Originally Posted by olivant
Originally Posted by Turnbull
Would Solozzo have gone ahead with his plan to whack Vito if Sonny hadn't shot off his mouth at the drugs meeting and shown his greed for the deal?


I suggest a corollary question TB: Since it was Barzini all along, what would Barzini do if Vito had made the deal?


I think that it would have gone this way:

Scenario A: Vito agrees to Sollozzo's idea

First, there's no hit because Vito agreed, presumably with regulations like they stated later at the Don's meeting (i.e. not by schools, kept to the black neighborhoods, etc). Barzini consolidates his power, because Barzini also has major connections just not as many lawyers/judges/politicians like Vito does. I think the end result here is that there is peace for longer (potentially much longer) but eventually Barzini can't control his ambition and something happens down the road. Now both the Barzini family and the Corleone family have gotten fat from the drug trade, so a war would likely be more brutal and more open. However, the Corleone Family at this point would have gambling, the unions AND the drugs. So I think they end up ahead as they were already the strongest family, and the money from narcotics helps them grow stronger. Michael almost certainly does not end up as the Don but probably moves away and has his whitebread family with Kay as a mathematics professor.

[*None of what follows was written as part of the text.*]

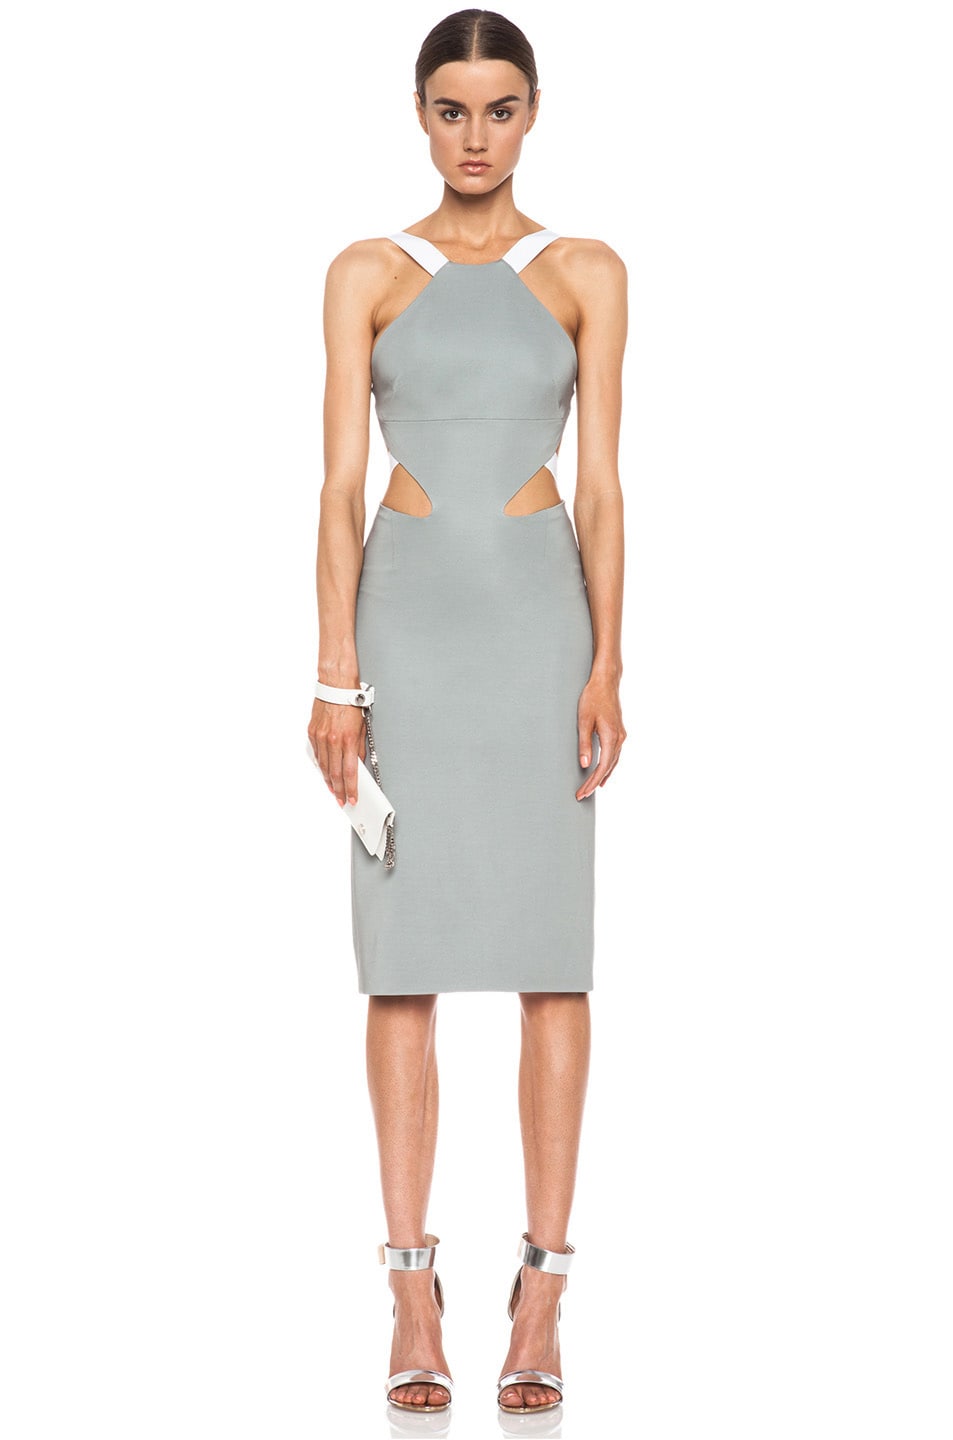 Cushnie et Ochs Viscose-Blend Halter Dress in Grey & White | FWRD

Scenario B: Vito refuses Sollozzo, Sonny doesn't open his mouth

This becomes interesting, because we don't know for sure what Sollozzo would have done in this case. He finds no ch*nk in the Don's armor, no hot-headed eldest son who would inherit the family if the old man dies. We know for a fact Sollozzo cannot take no for an answer, because he is a man of respect and Don Corleone's "no" means Sollozzo cannot operate his business (technically he could, but it would be at an extremely great risk without the lawyers/judges/political connections of Don Corleone), and he is not the kind of man who will let another man dictate his life. In this scenario I think Sollozzo goes to Barzini (I am not sure if at this point in time Sollozzo was talking to Barzini, or just Tattaglia; we know it was "Barzini all along" who set the seeds for the hit, but we don't know his exact involvement), who also presumably has some politicial/legal connections, and does business in a lesser scale than he originally planned, but there is no hit as it's too risky.

I think the end result here is exactly what Tom says when he suggests Vito agree: Well, I say yes. There is more money potential in narcotics than anything else we're looking at now. If we don't get into it, somebody else will, maybe one of the Five Families, maybe all of them. And with the money they earn they'll be able to buy more police and political power. Then they come after us. Right now we have the unions and we have the gambling and those are the best things to have. But narcotics is a thing of the future. If we don't get a piece of that action we risk everything we have. Not now, but ten years from now.

Barzini and maybe Tattaglia, even Cuneo and Stracci get into the trade, and "ten years from now" I think Barzini makes his power play. All hypothetical at this point, but I think in this scenario the Corleones are on the losing end. Things happen (maybe Sonny still gets whacked), the Corleones sue for peace, and Barzini becomes the most powerful family. Michael probably does not end up as the Don, but could depending on circumstances. I think in this case though he does not, and the Corleones become a minor family.

Last edited by waynethegame; 02/23/18 08:58 AM.

Wayne

"Finance is a gun. Politics is knowing when to pull the trigger."